» **WHAT IS REQUIRED**
Leave the pictures out. Retype exactly the lines below from the one containing "Amakando Peluca Larga" through the one containing "Eleganz. Rückansicht des", and no others.

» **DATA TO USE**
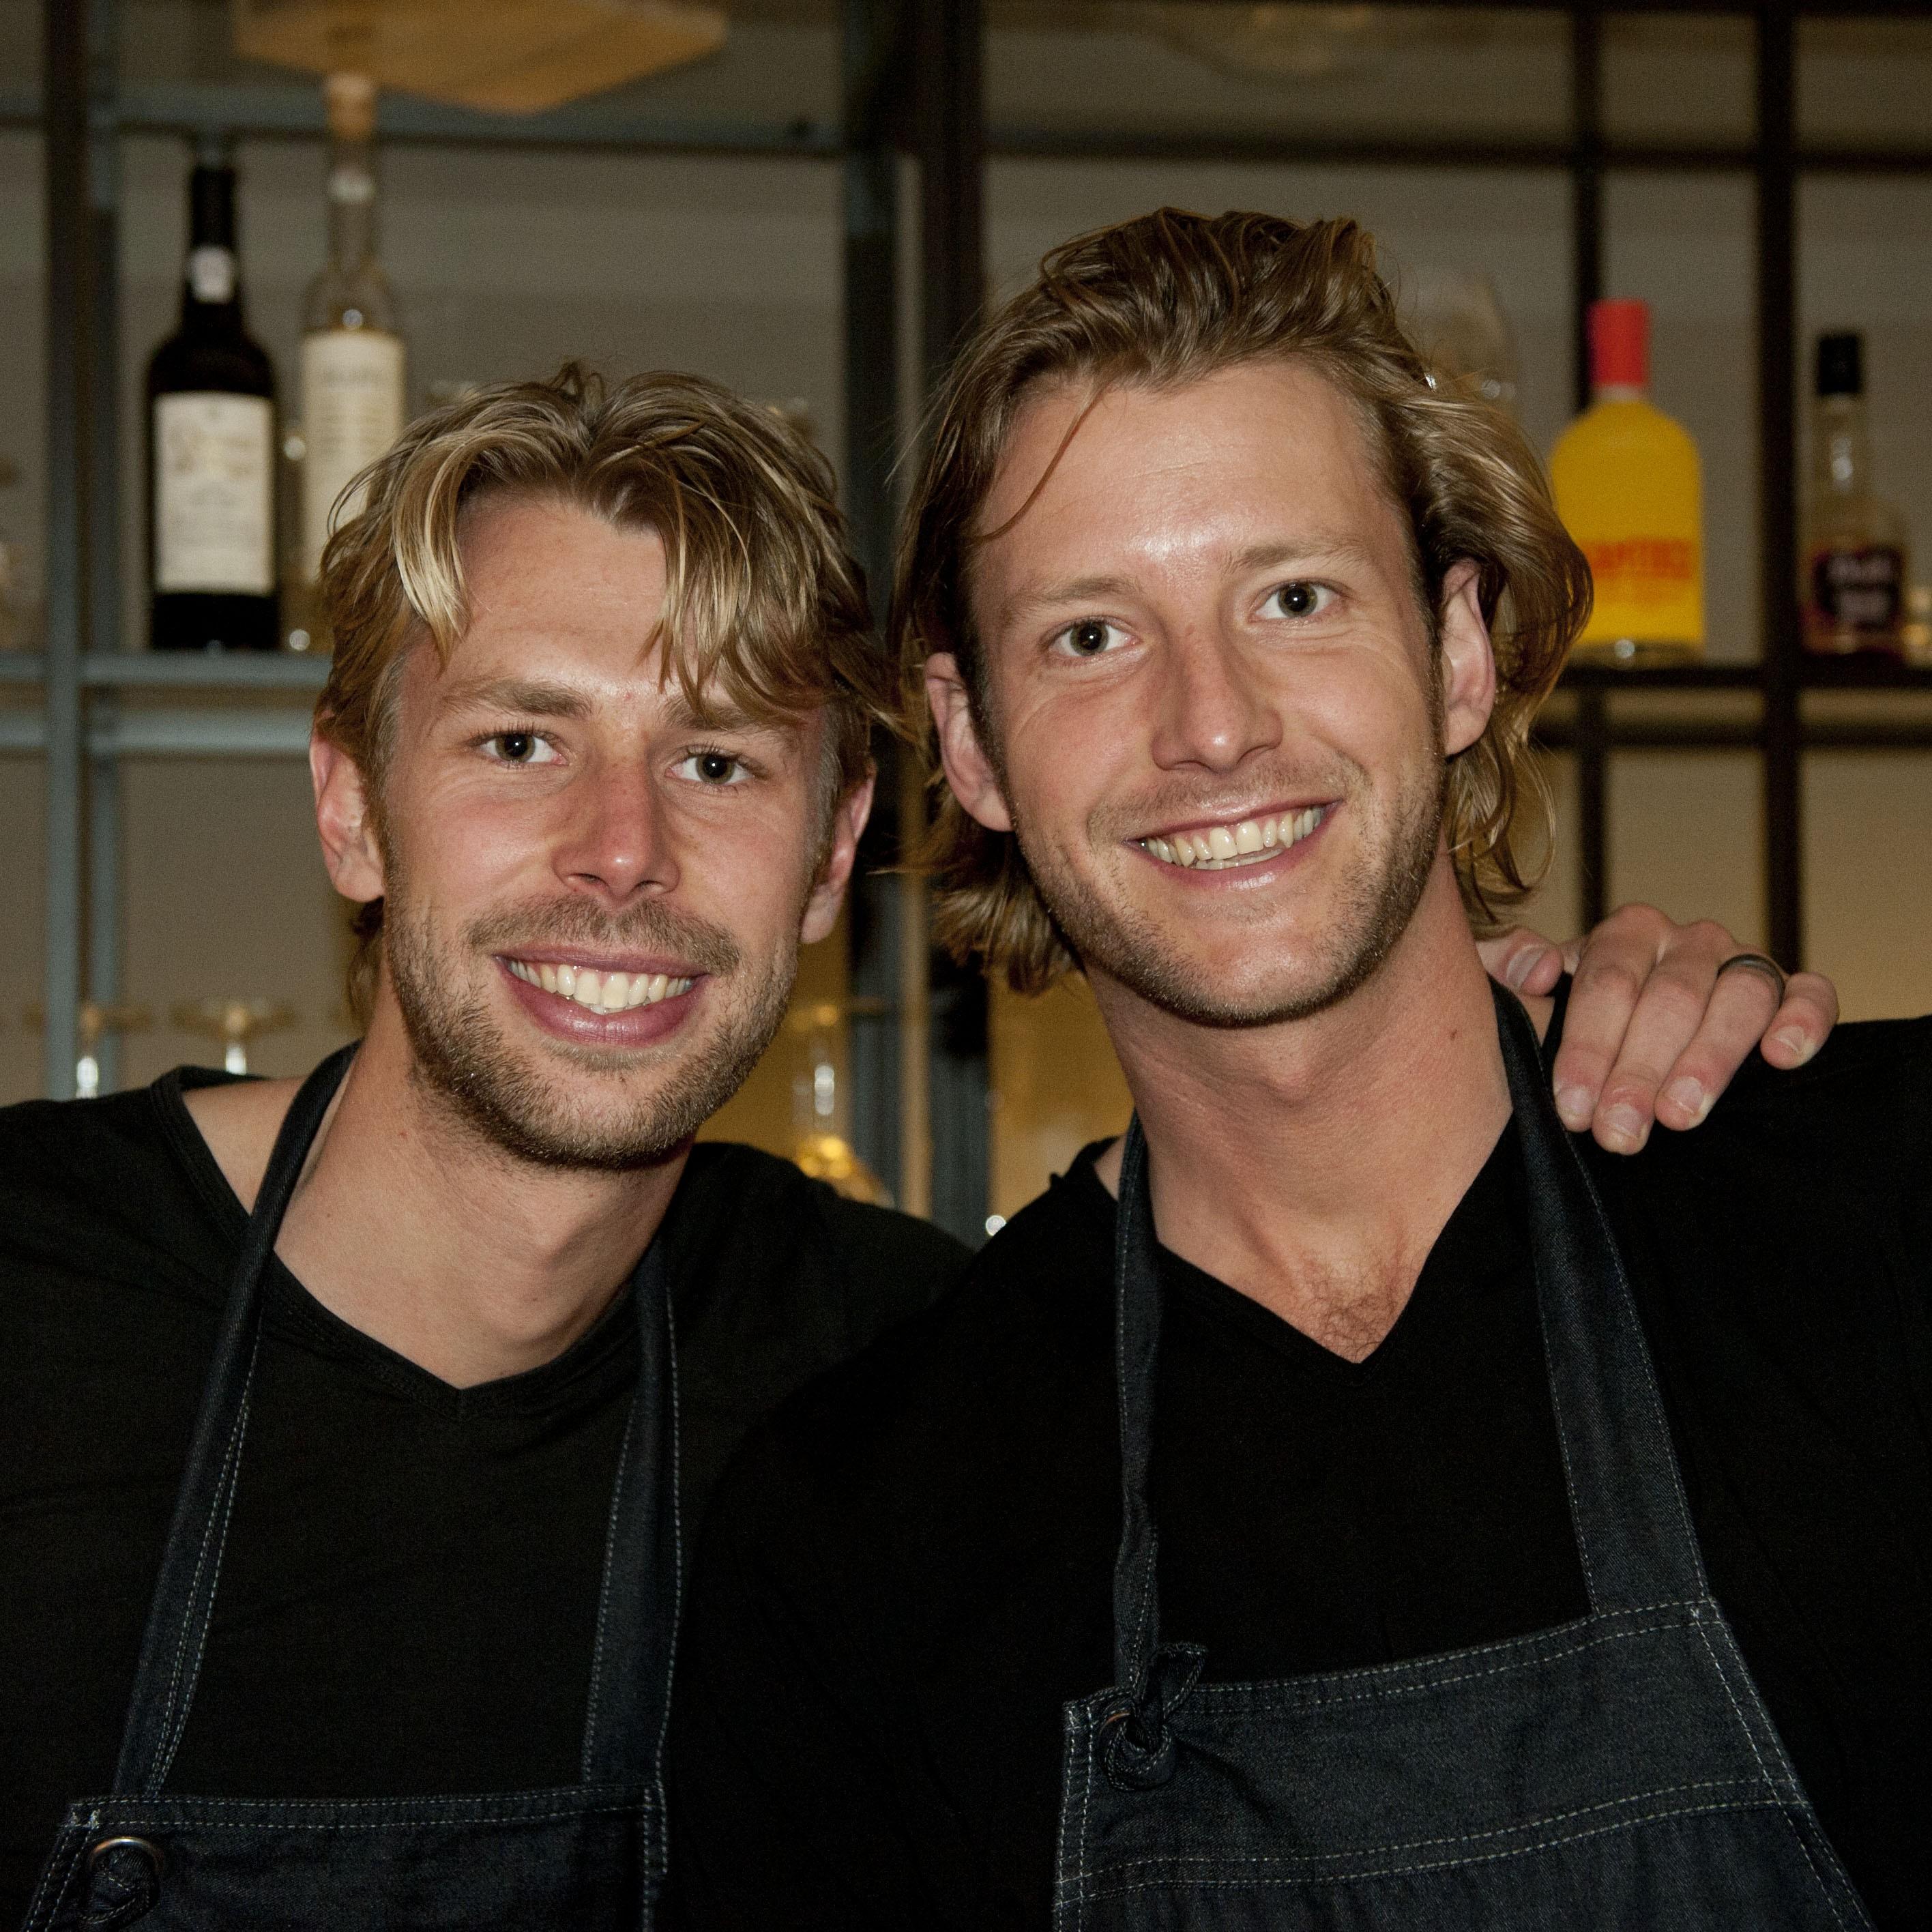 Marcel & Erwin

---

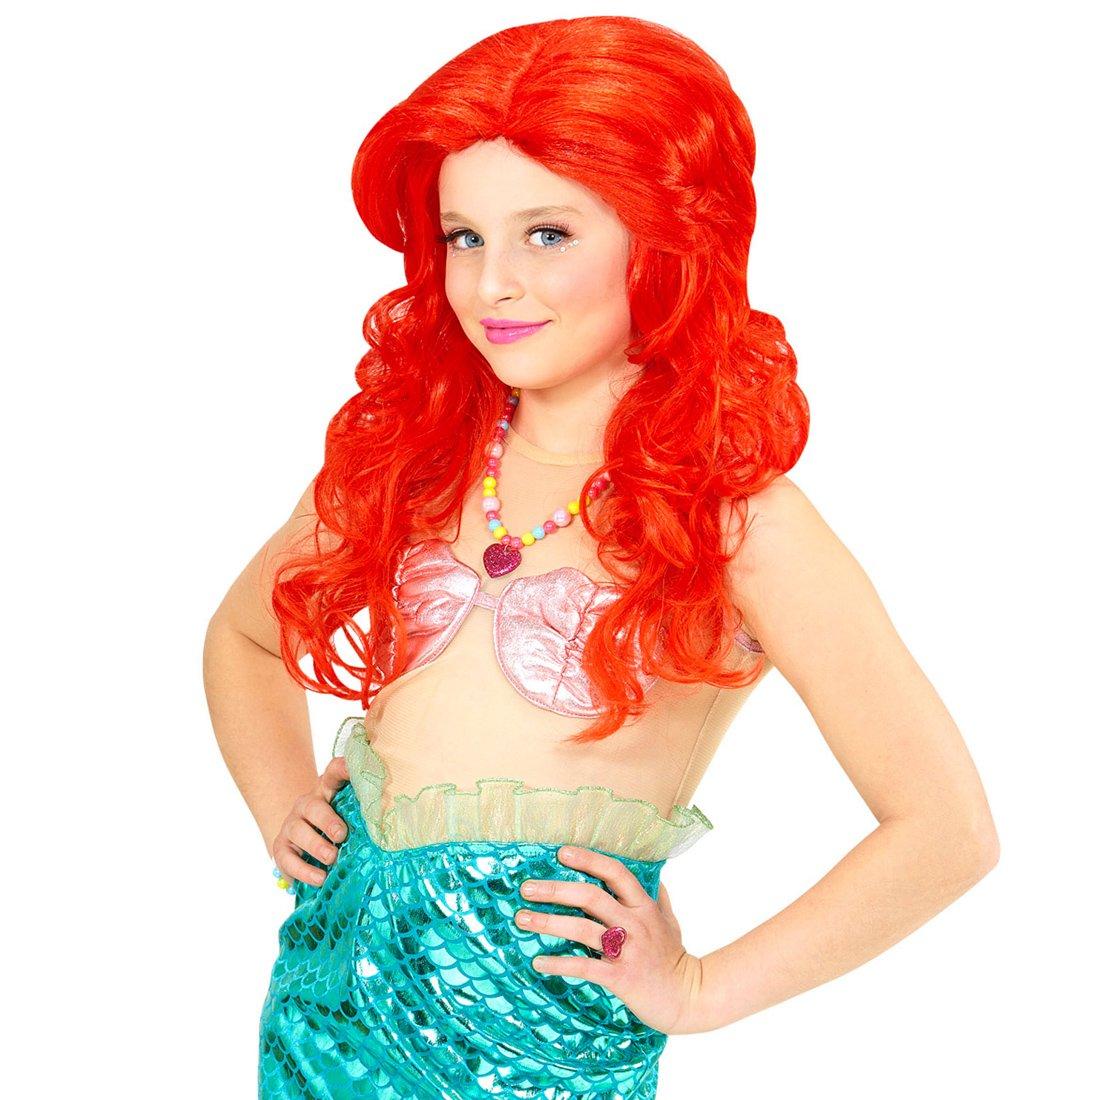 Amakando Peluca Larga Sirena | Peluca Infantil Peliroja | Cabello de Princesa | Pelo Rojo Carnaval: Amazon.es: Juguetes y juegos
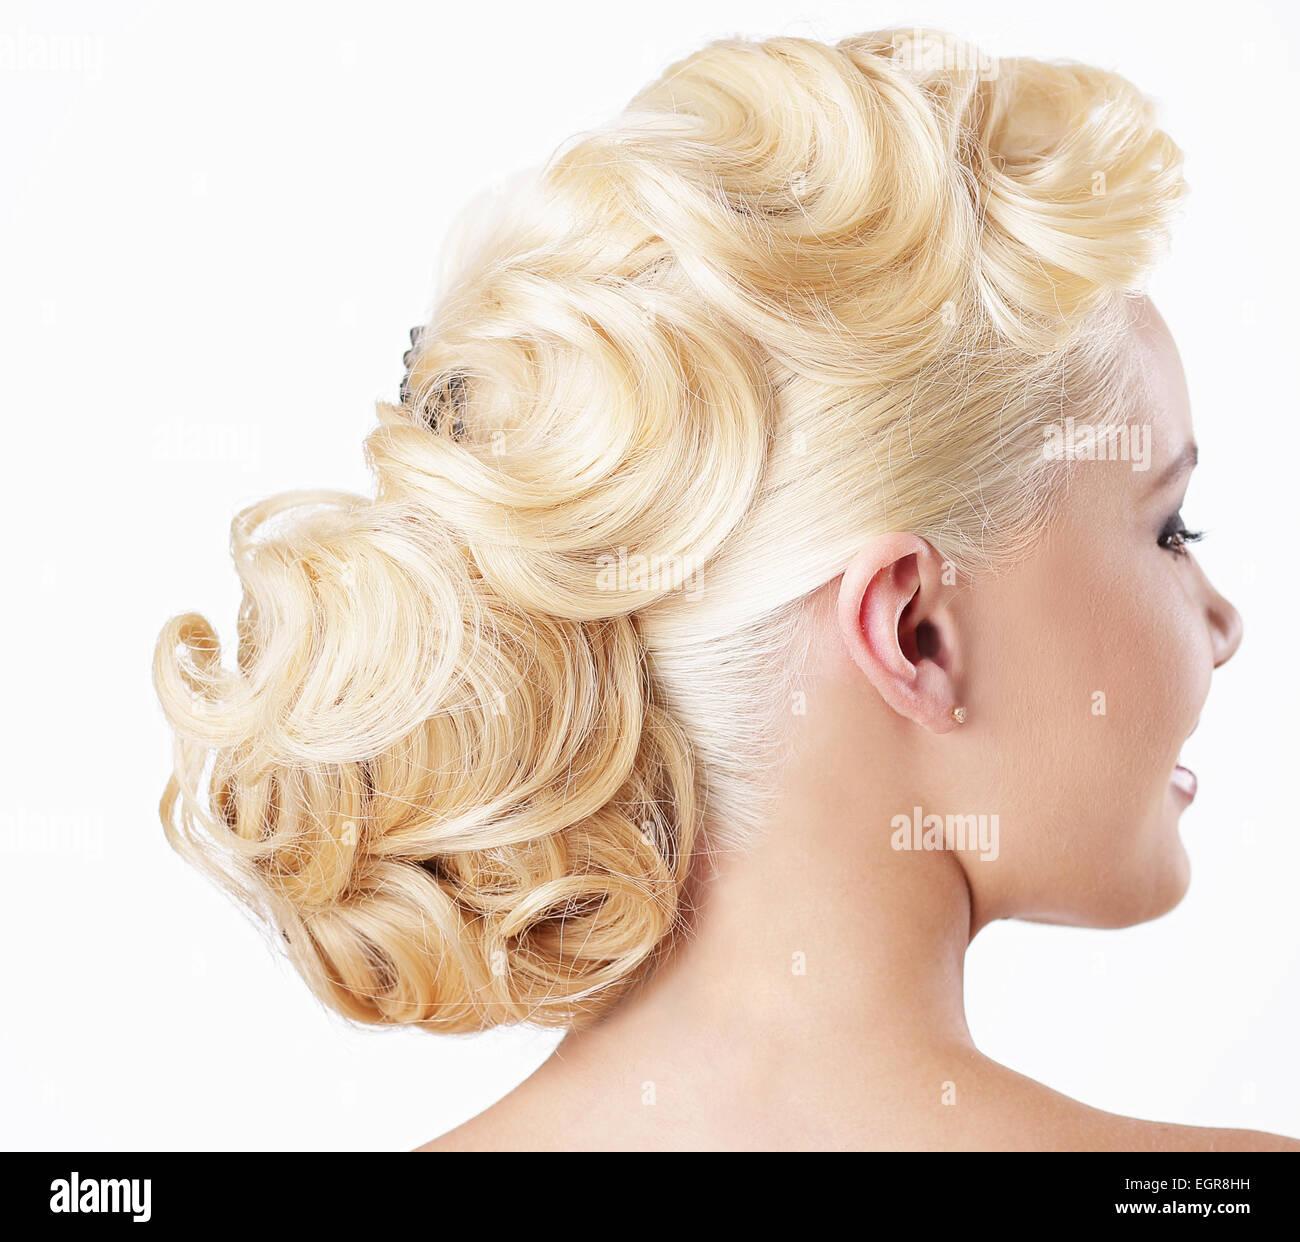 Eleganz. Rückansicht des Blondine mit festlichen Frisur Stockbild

» **TASK RESULT**
 Amakando Peluca Larga Sirena | Peluca Infantil Peliroja | Cabello de Princesa | Pelo Rojo Carnaval: Amazon.es: Juguetes y juegos
 Eleganz. Rückansicht des Blondine mit festlichen Frisur Stockbild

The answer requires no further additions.